Meta took a step towards a universal language translator on Tuesday with the release of its new Seamless M4T AI model, which the company says can quickly and efficiently understand language from speech or text in up to 100 languages and generate translation in either mode of communication. Multiple tech companies have released similar advanced AI translation models in recent months.
In a blog post, Meta describes its new translation system as “the first all-in-one multimodal and multilingual AI translation model” capable of speech recognition and speech-to-text translation for nearly 100 different languages. The model can also interpret speech and text and spit back out translated spoken words for 36 and 35 languages respectively. Seamless M4T can also reportedly understand when users change languages mid-sentence, which could help when using a model to translate people who mix parts of languages together when they speak, which language researchers refer to as codeswitching.
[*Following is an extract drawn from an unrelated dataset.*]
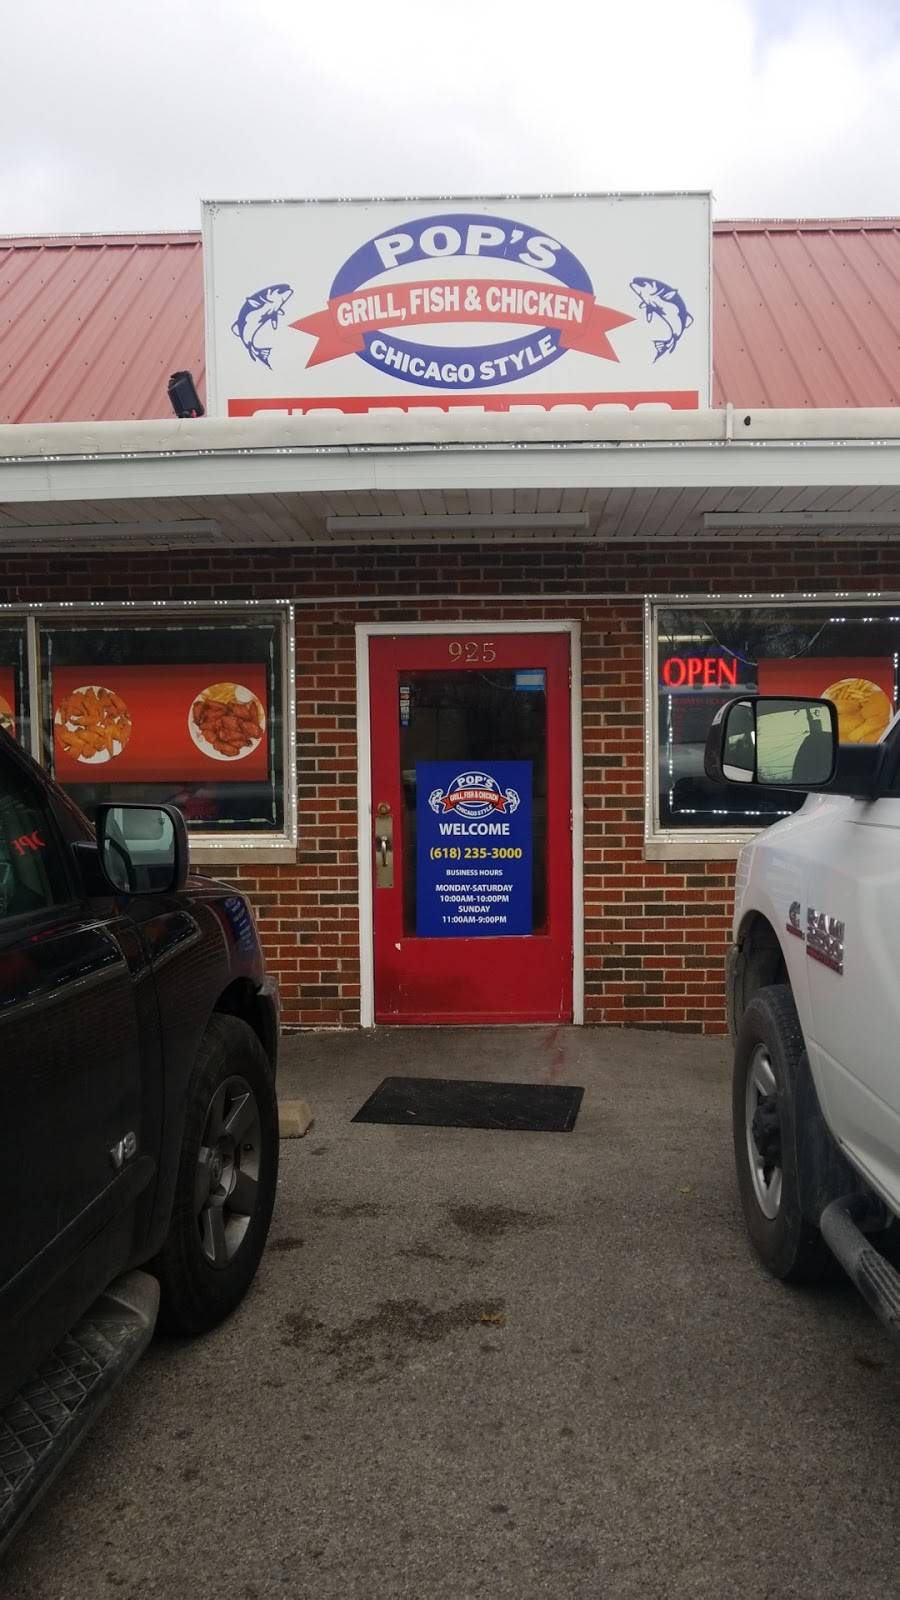 Pop’s Fish & Chicken | restaurant | 925 S Belt W, Belleville, IL 62220, USA | 6182353000 OR +1 618-235-3000

“SeamlessM4T is a unified multilingual model, meaning that it doesn’t rely on intermediate models to produce results,” Meta Research Scientist Manager Paco Guzmán told Gizmodo. “Other cascaded systems for spoken translation often do: speech recognition, text translation, text-to-speech generation. SeamlessM4T does it in a single go.”
In a video demo, Guzmán spoke the sentence “our goal is to create a more connected world.” The model quickly recognized the language spoken was English and then translated that into Russian. A computerized Russian voice spat the sentence back out with a more or less human timbre.
Unlike other past translation models, SeamlessM4T uses one single system which Meta believes will ultimately result in reduced errors and delays and increased quality. Meta compared this all-in-one translator approach to the Babel fish universal translator in The Hitchhiker’s Guide to The Galaxy. For now, you won’t have to shove this one in your ear.
Meta is releasing Seamless M4TT under a Creative Commons license so other translators and AI researchers can build off of it. The company is also releasing the metadata of SeamlessAlign, which contains over 270,000 hours of mined speech and text. Meta claims it’s the largest dataset of its kind.
Though much of new AI in recent months has pointed out the unreliability of using large language models for delivering accurate factual information, language translation is something these models are actually well-suited for. Seamless M4T is made possible by Meta’s previous iterations in translation models. One of those broke new ground by successfully translating the primarily spoken language Hokkien into spoken words, a first for a new model. More recently, the company released its Massively Multilingual Speech system, which Meta claims can provide automatic speech detection and language identification for more than 1,100 languages.